Victor Agreda did a fantastic job of sharing his experiences in monetizing his blog at tonight’s meeting of the Knoxbloggers group. And he gave us several useful tips about how we might follow his lead and do the same with our blogs. It was, to me, a very interesting meeting.
A number of people expressed an interest in attending, but for some, prior commitments stood in the way. This meeting generated a lot of interest, as you might imagine. Perhaps second only to a topic like “sex” or the offer of free beer, few things capture people’s attention quite like the mention of making money. If you missed this event folks, you really missed a worthwhile meeting.
Because we had previously considered capturing the audio content of some of these meetings and because we had a specific request to do that for this meeting, Mike and I pooled our audio resources and set up our motley collection of equipment to capture tonight’s session for a podcast, or an audio blog post as I am calling them now. I arrived at around 6:30 PM and conducted some preliminary tests so that we’d be assured that we could capture the audio adequately.
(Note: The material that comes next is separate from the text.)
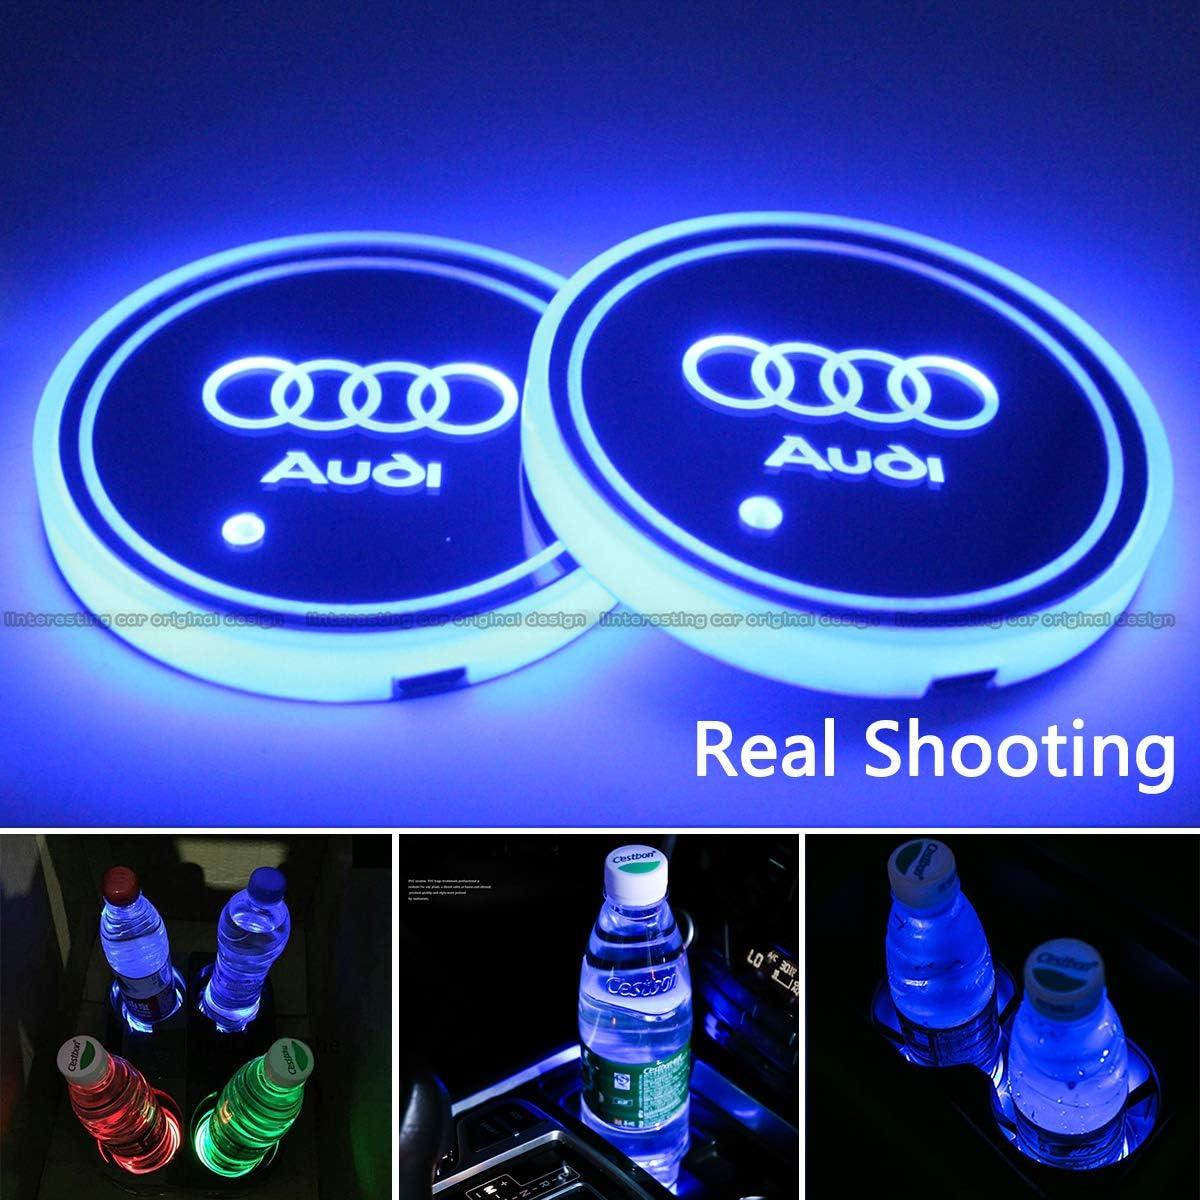 Juego de luces LED de alta calidad Q5 SQ5 para interior completo color blanco

We had the room mic’ed very well, and the playback of our tests sounded quite good really. If we needed to run the resulting audio, once captured, through a noise reduction filter or an expander to make sure the sound was loud enough or that there were no irritating extraneous noises, that would be no problem. Post-processing for sound quality wouldn’t be half the problem that editing the almost 2 hours of material might prove to be.
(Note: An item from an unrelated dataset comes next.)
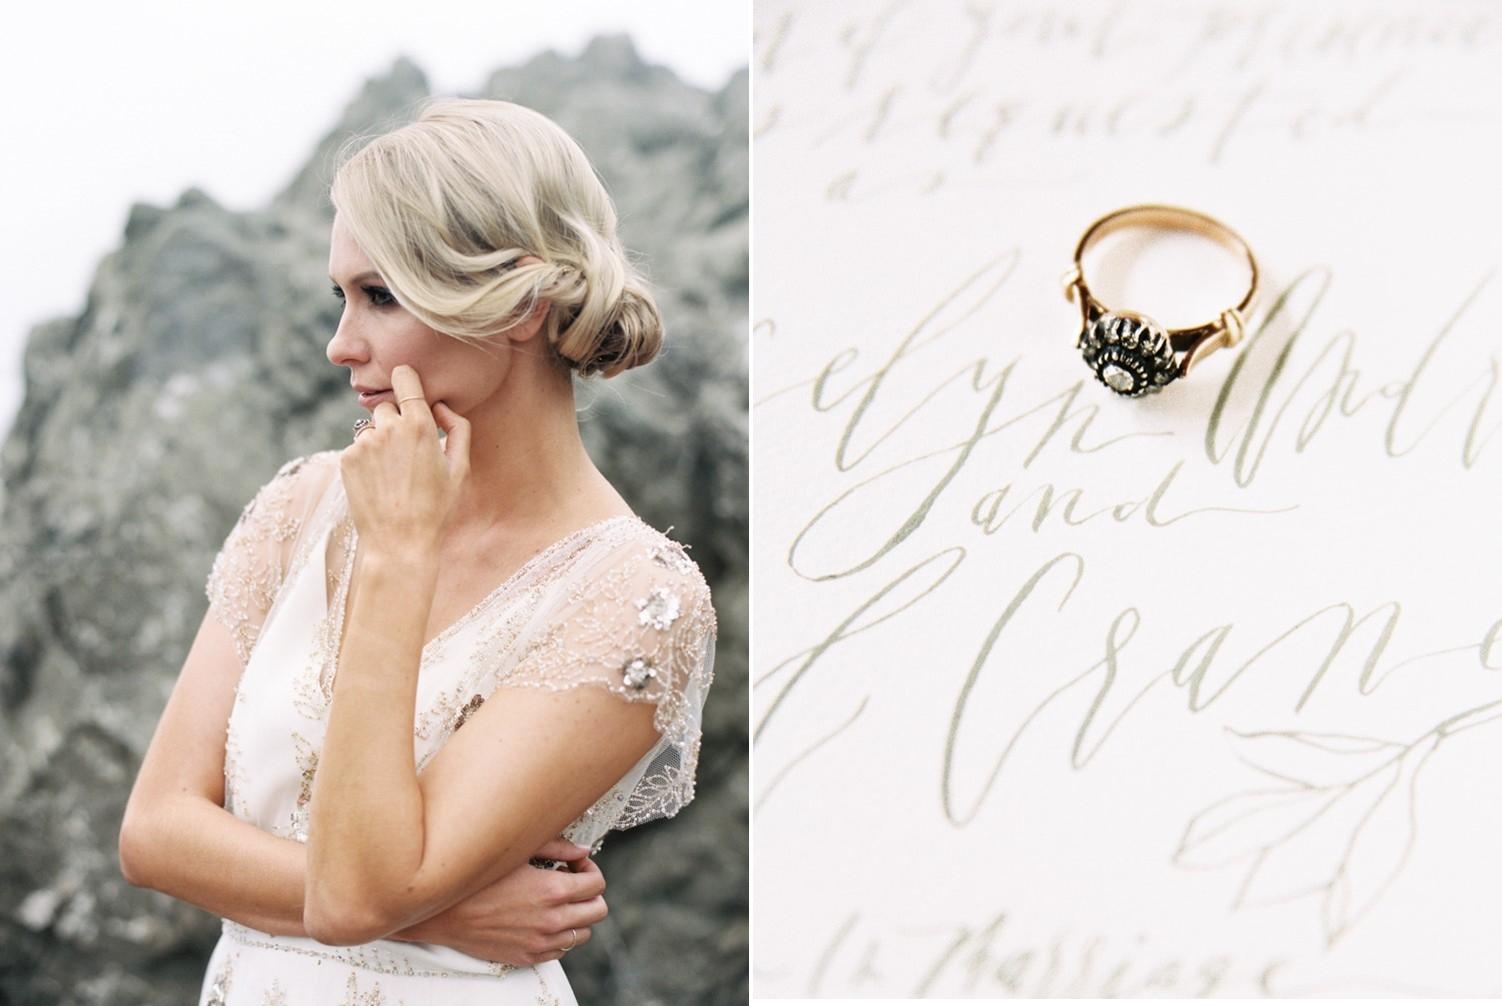 Vintage Engagement Ring // Photography by Taralynn Lawton http://taralynnlawton.com

We used Mike’s older, personal laptop and the trial copy of GoldWave to record the audio, and it performed beautifully in our tests. We conducted three or four trials to make sure the recording levels were satisfactory. And they were.
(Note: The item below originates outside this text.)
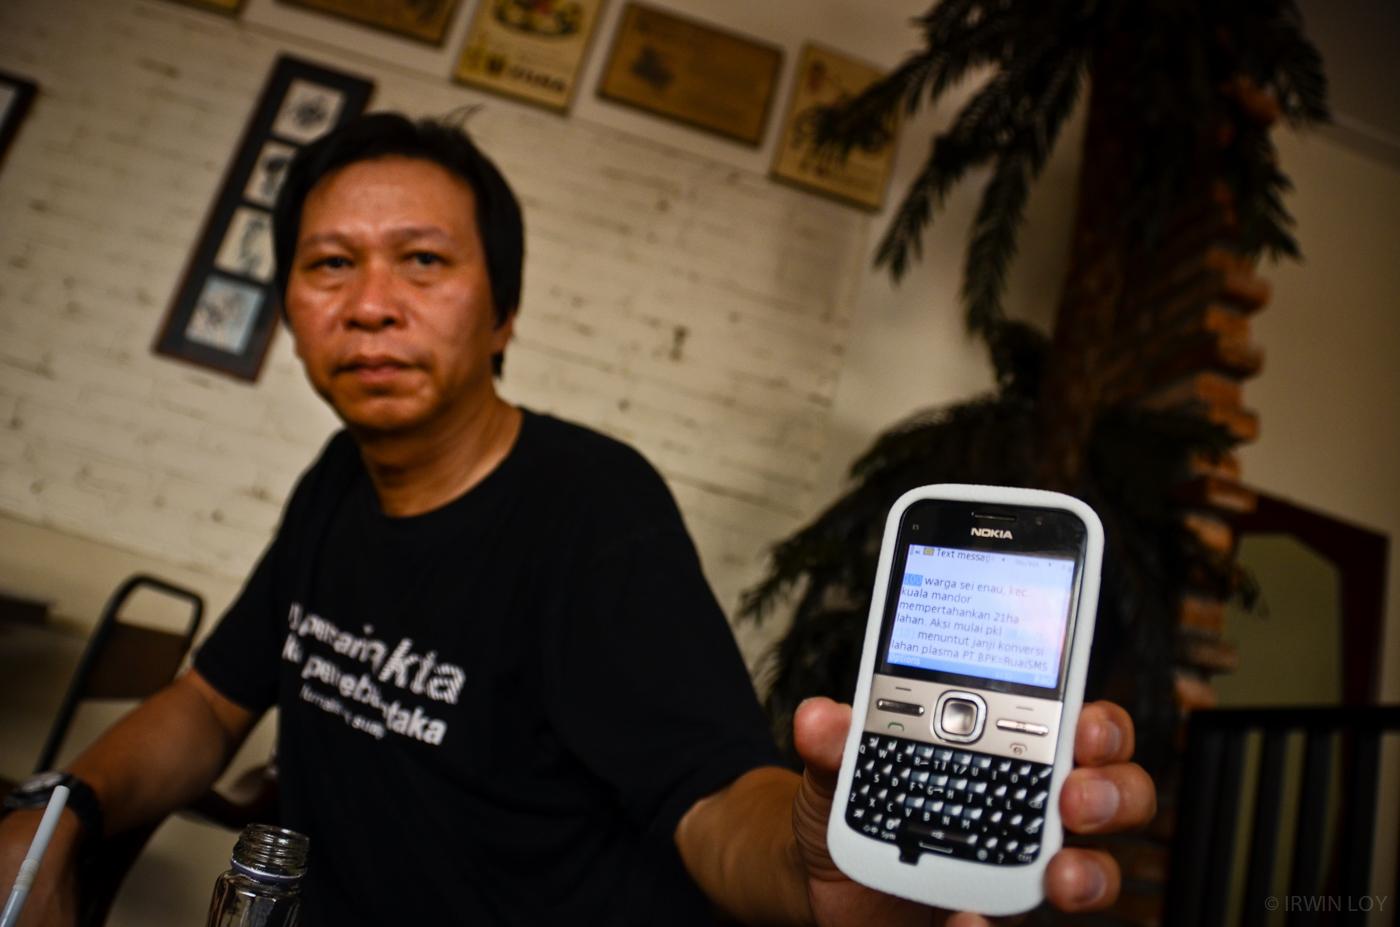 Journalist Harry Surjadi began the SMS news program in 2010, training 200 villagers from around West Kalimantan as citizen journalists.

But unfortunately, Murphy was also in attendance at tonight’s meeting.
I asked for an intermission after about an hour or so, and saved the file in MP3 format. That save took almost 15 minutes and resulted in an 82 Mb file, which was about one-tenth of what it would have been if I had saved it in *.wav format. That intermission was a little longer than I had intended it to be, but everyone was understanding and eventually we got back to recording for another 50 or so minutes. The second file proved to be 62 Mb once it was saved in MP3 format.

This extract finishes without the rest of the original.